Anyway, with mine, as this had been the default when we were together, as I worked part time and him full - so the default childcare was me.

Now we're divorced, I have no intention of picking up his pieces

One time, the first time, he couldn't pick up dd from school when it was his turn, so he would text me. Now this would have been normal when we were together, and I would have done it, but we're not, so I no longer do him favours to keep the peace. Anyway, I was at work, having been asked in mediation by him to work more now, fine.

'I'm not sure why you're texting me Tom. Taxi firms exist. Don't ask me to solve your problems please going forward unless it's an emergency.'

Foxblue · 14/08/2024 19:59

Great responses above - I'd include 'Work won't let me have any more time off' if I was feeling generous.
What an arsehole he is though! Sorry you're having to deal witht his.

Sunsparkles · 14/08/2024 20:11

Thanks, my first draft includes the 'i have no more AL to use ' because of the rest of the changes he's already made to the remainder of this year, and I actually do have a massive project deadline looming which I planned in for this couple of weeks because the kids were due to be with him for the majority of it. But I've slimmed down my response now because he will defo come back in anger, so I will use the work response in my final email on the matter.....

I've also included a starter line "Ok, what is your plan for the next two weeks then?". And a statement later on "you have had time to make arrangements, this is no longer something I do for you".

Keep it coming guys, even if I don't use them in this exchange there will definitely be more in future.....jeez, how did I choose my DCs father so badly 😢

OP posts:
cloudjumper · 14/08/2024 20:48

Could he not put the DC in a holiday club if he can't look after them at home?

SprigatitoYouAndIKnow · 14/08/2024 21:11

While it would be tempting to embellish, I would just go with, no I can't help on your contact time as I am at work. Leave him to come up with other options.
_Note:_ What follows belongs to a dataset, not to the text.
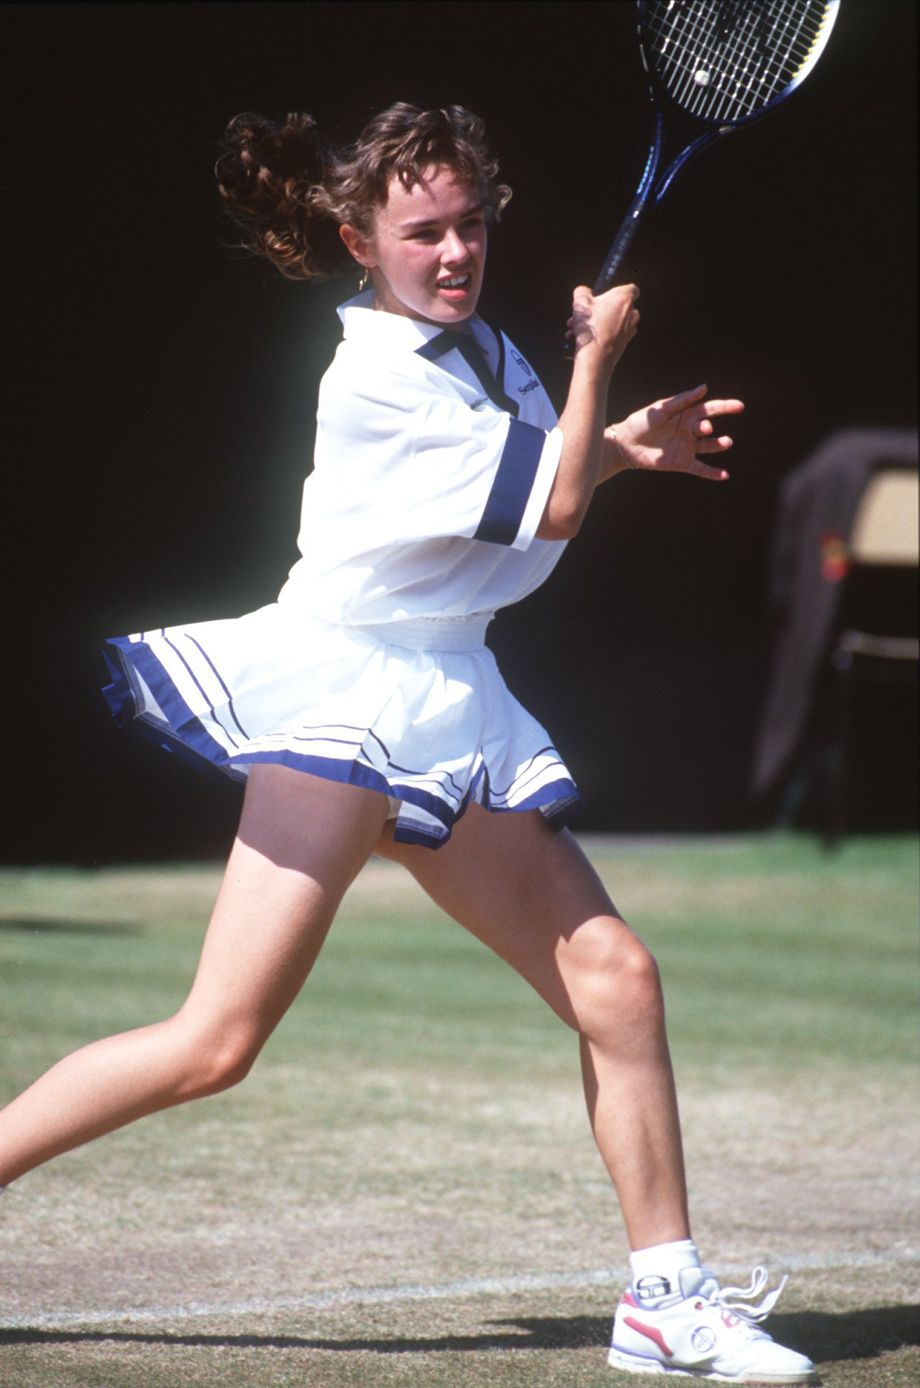 Australian Open: Мартина Хингис в вызывающем наряде ошеломила публику на турнире в 1996 году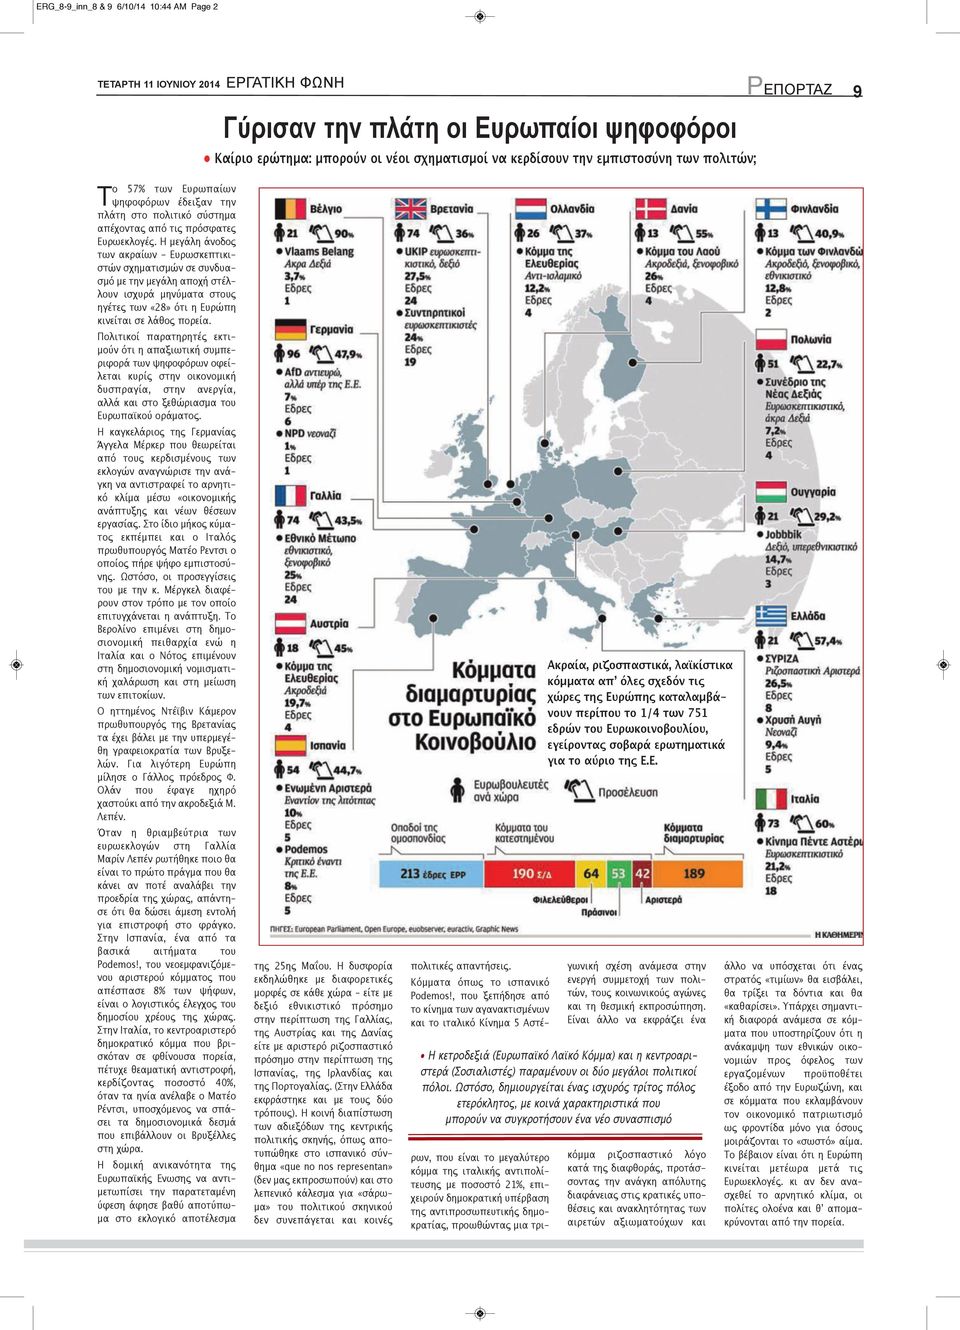 Η μεγάλη άνοδος των ακραίων - Ευρωσκεπτικιστών σχηματισμών σε συνδυασμό με την μεγάλη αποχή στέλλουν ισχυρά μηνύματα στους ηγέτες των «28» ότι η Ευρώπη κινείται σε λάθος πορεία.

Strawfan · 14/08/2024 21:41

He can easily care for a 6 & 9 year old with a cast on, if anything they might be handy to have around! Daft man.

Sunsparkles · 14/08/2024 21:50

Strawfan · 14/08/2024 21:41

He can easily care for a 6 & 9 year old with a cast on, if anything they might be handy to have around! Daft man.

This is exactly my thoughts. He apparently can't move around....didn't stop him going away last weekend though did it?!!

And where he lives he can have food delivered, takeaway if needed, and there is a park in walking (for the kids) and mobility scooter (yes he's hired himself a mobility scooter! Lol) for him.....what else do kids need? They can play cards, watch films, do puzzles, kids have tablets....I really am not seeing the issue.

Plus if it was the other way round there is no way in HELL he'd do anything to help me out!!!

OP posts:
Sunsparkles · 15/08/2024 11:30

Well, I sent my reply this morning holding firm, and as predicted got a response saying "I've told you the plan" 🤣. No, he told me what he thinks he can't do 🤷

This was quickly followed up by another message telling me that it wasn't me doing him a favour it is for the kids.

Needless to say I will be holding firm, however I am trying to make arrangements to help me out in the background because I'm pretty sure I'll end up with the kids.

Makes me so angry that he can't be held accountable to his responsibility, it's not like this arrangements schedule was agreed at the start of this year, oh wait...🤔🙄

OP posts:
arethereanyleftatall · 15/08/2024 11:42

Op. You have to do your absolute damdest here to not have the dc. Otherwise the precedent will be set. You are working. He is not. He Will emotionally guilt/manipulate you via the kids, but this is not your problem to solve.

If he guilt trips you via the kids, remember it is HIM who is shitting on his kids here, not you.

You are working. He is not.

Drop them off, wait till the door is opened, cheery wave bye.